#### [PROVIDED DATA]
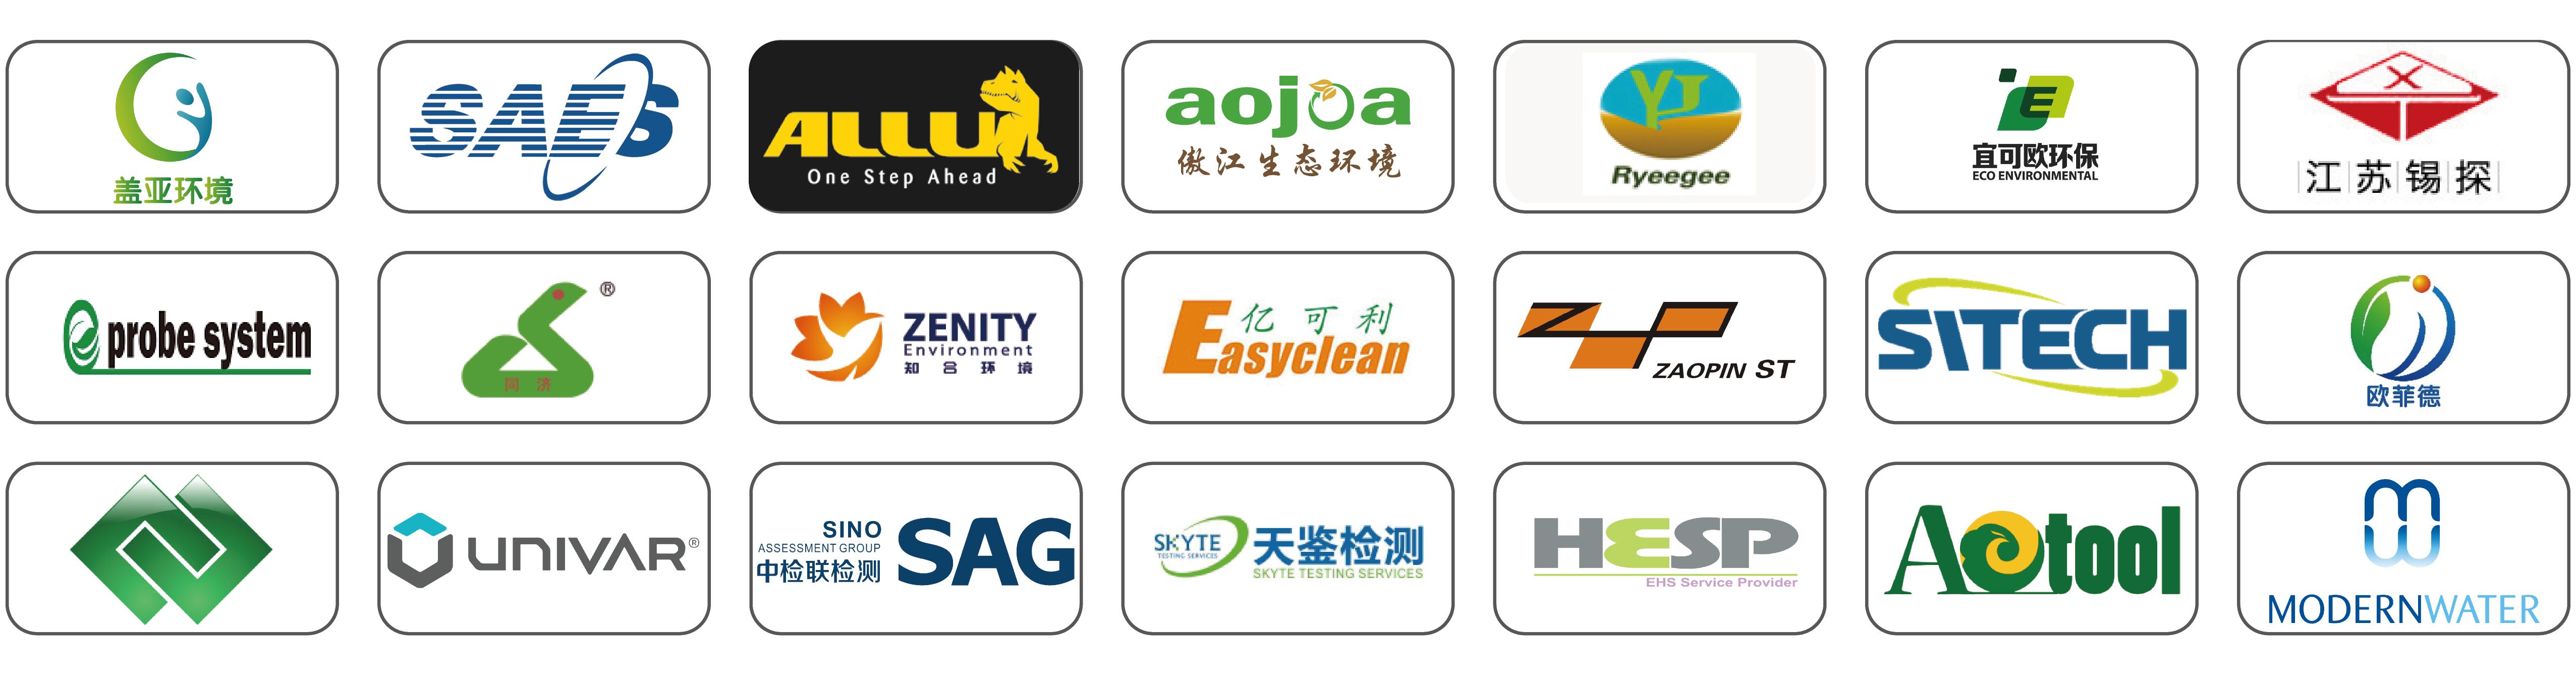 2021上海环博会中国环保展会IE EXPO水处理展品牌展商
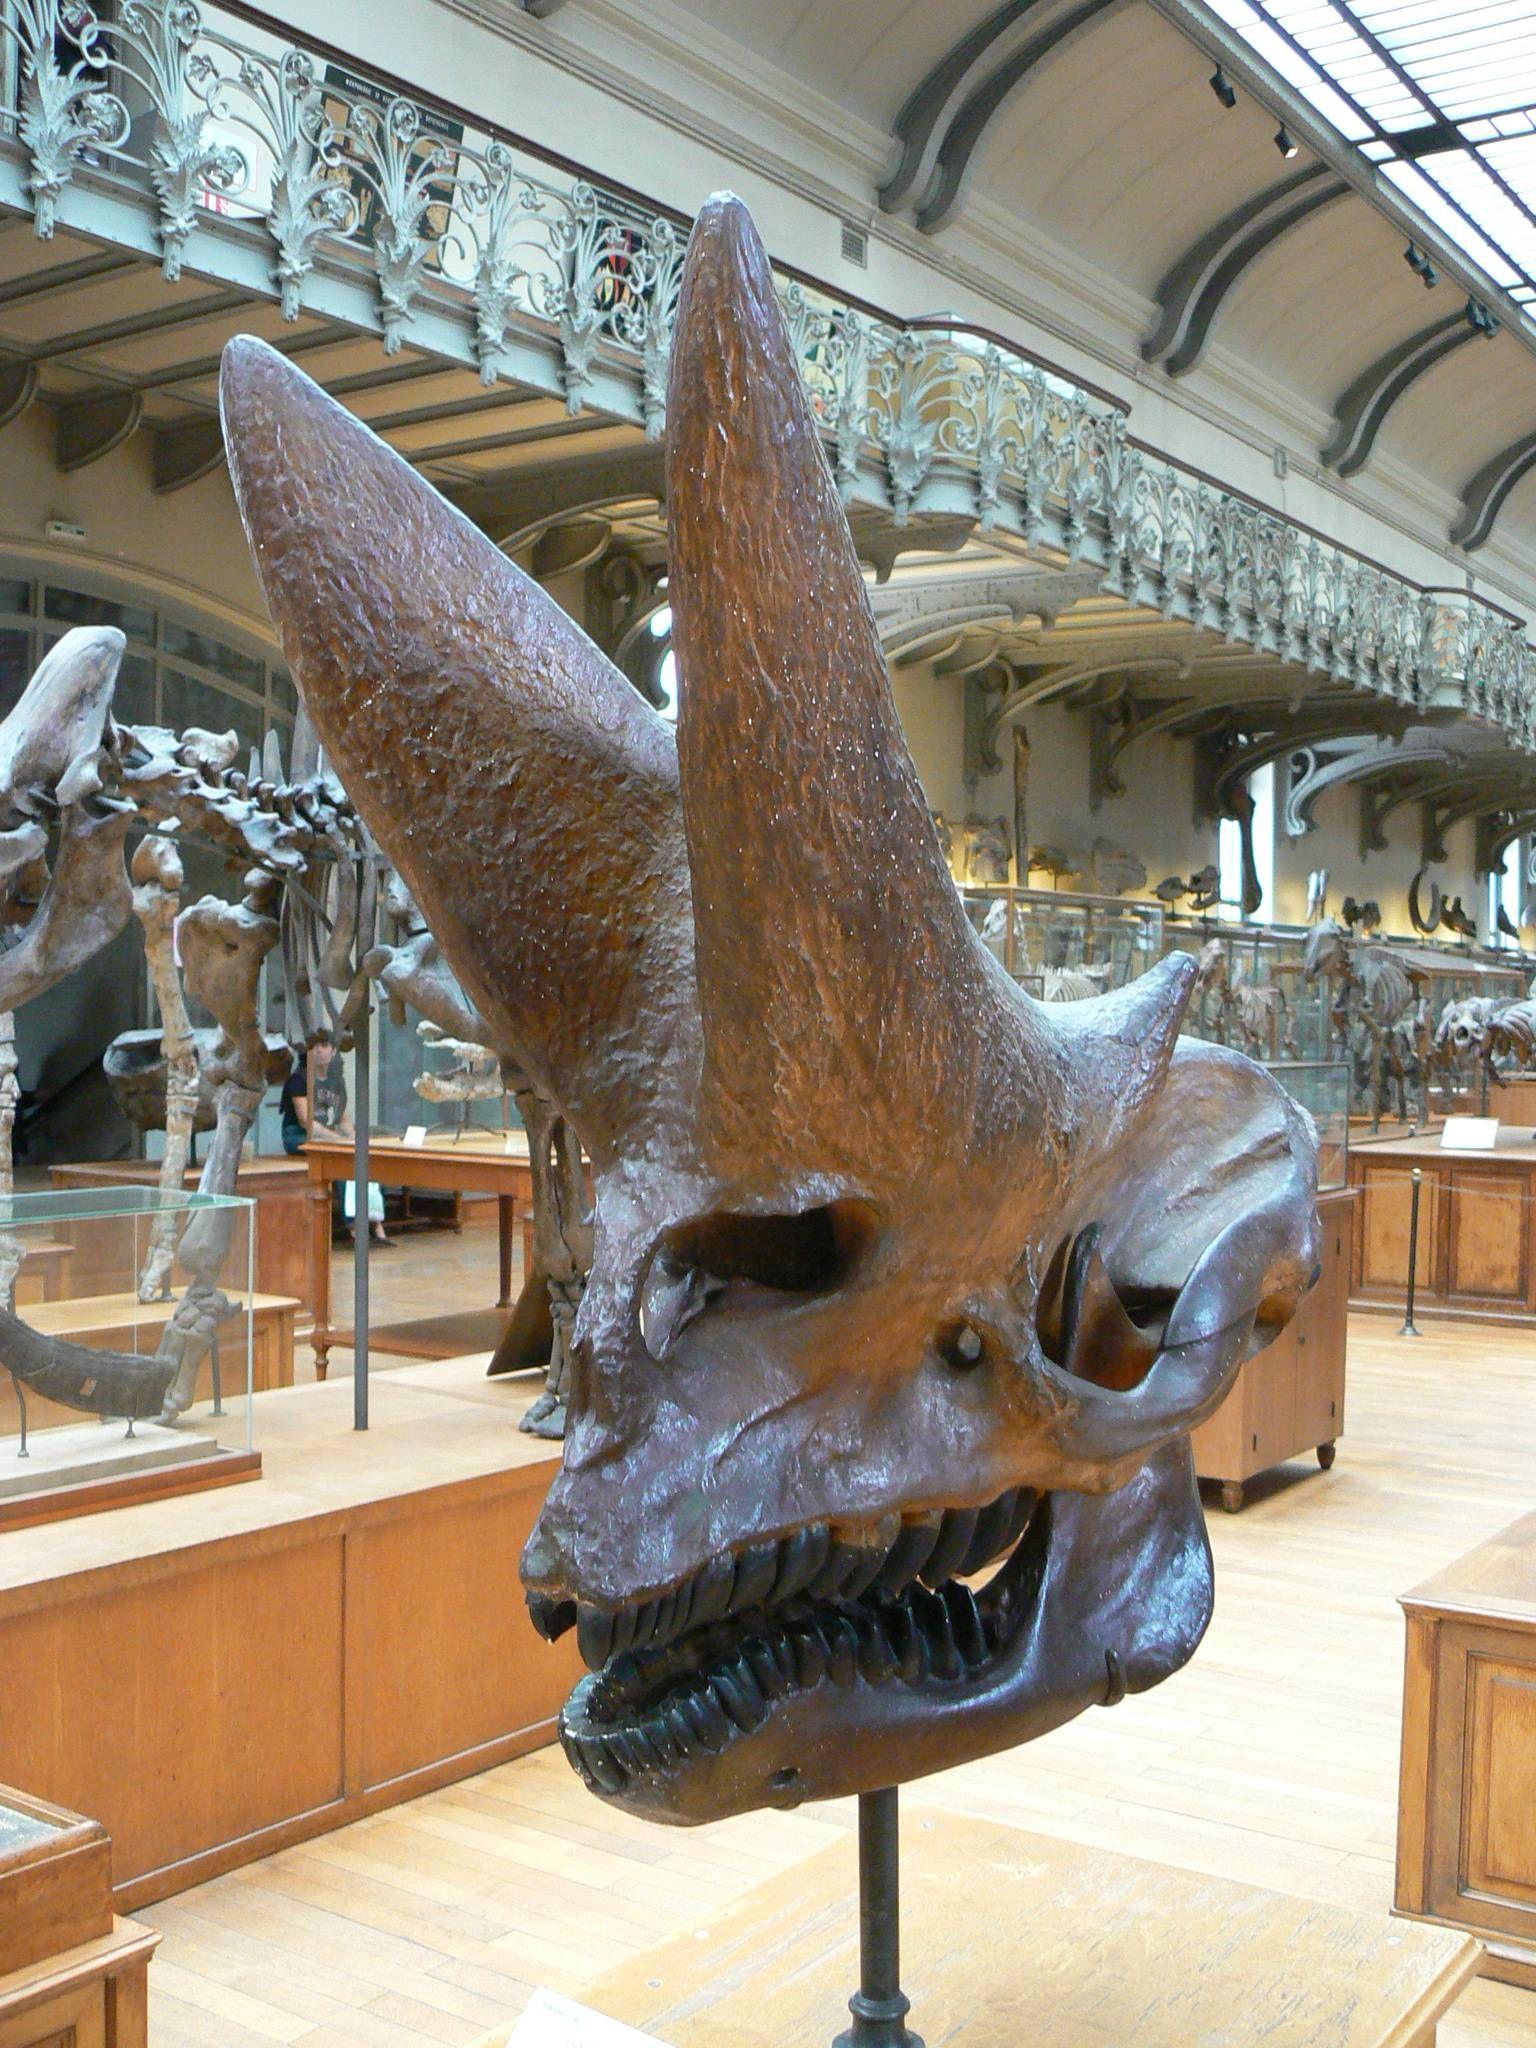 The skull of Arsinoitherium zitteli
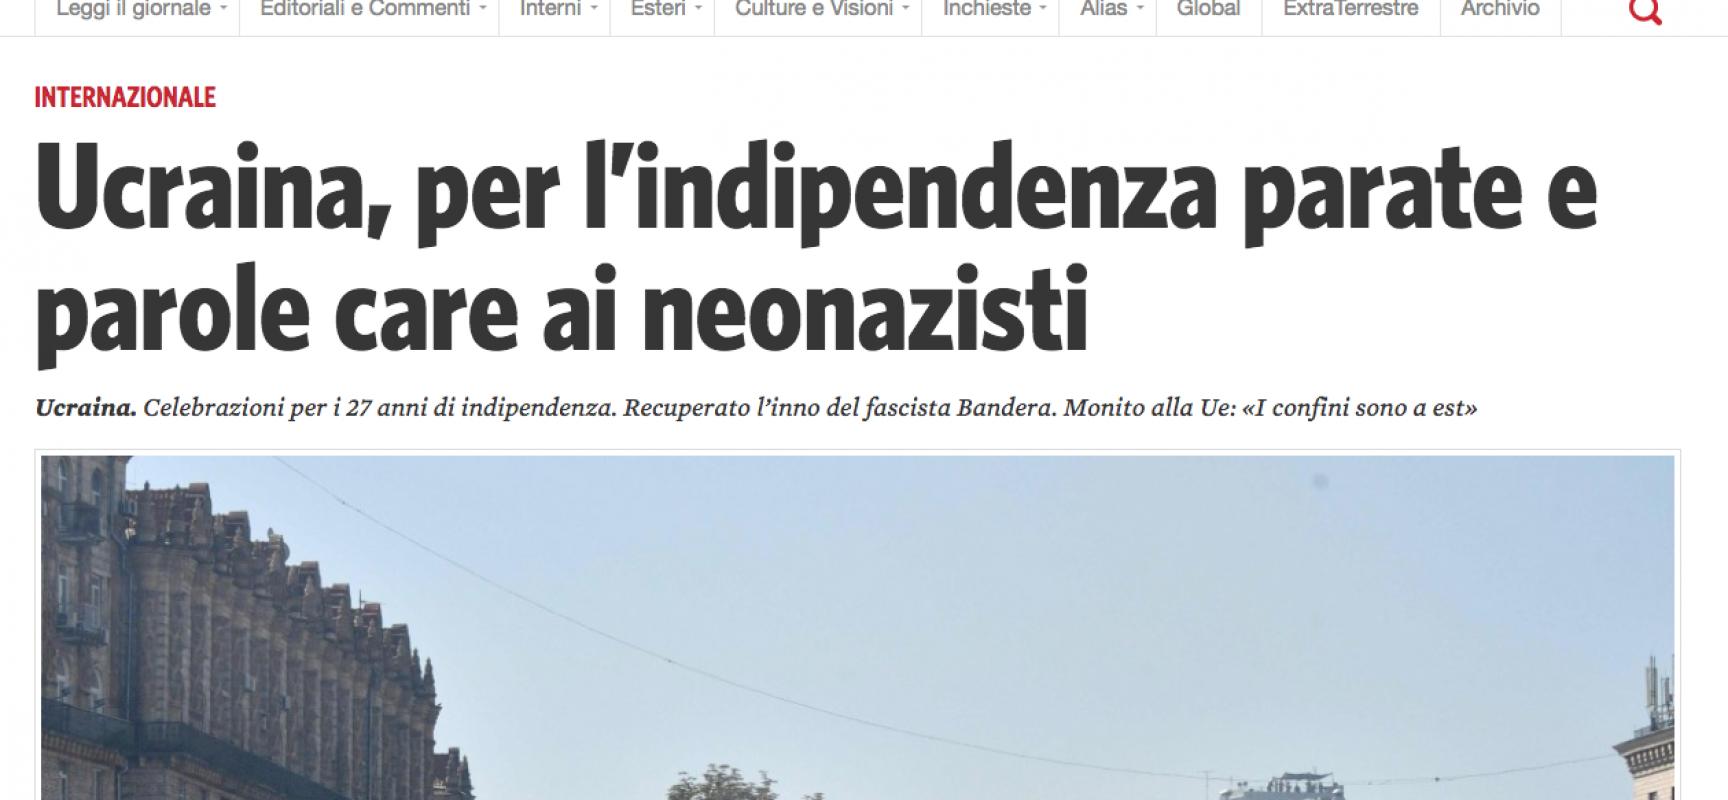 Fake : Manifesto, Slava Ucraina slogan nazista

#### [GOAL OF THE EXERCISE]
Print the whole listing exactly. No pictures belong in the copy.

#### [RESULT OF THIS TASK]
 2021上海环博会中国环保展会IE EXPO水处理展品牌展商
 The skull of Arsinoitherium zitteli
 Fake : Manifesto, Slava Ucraina slogan nazista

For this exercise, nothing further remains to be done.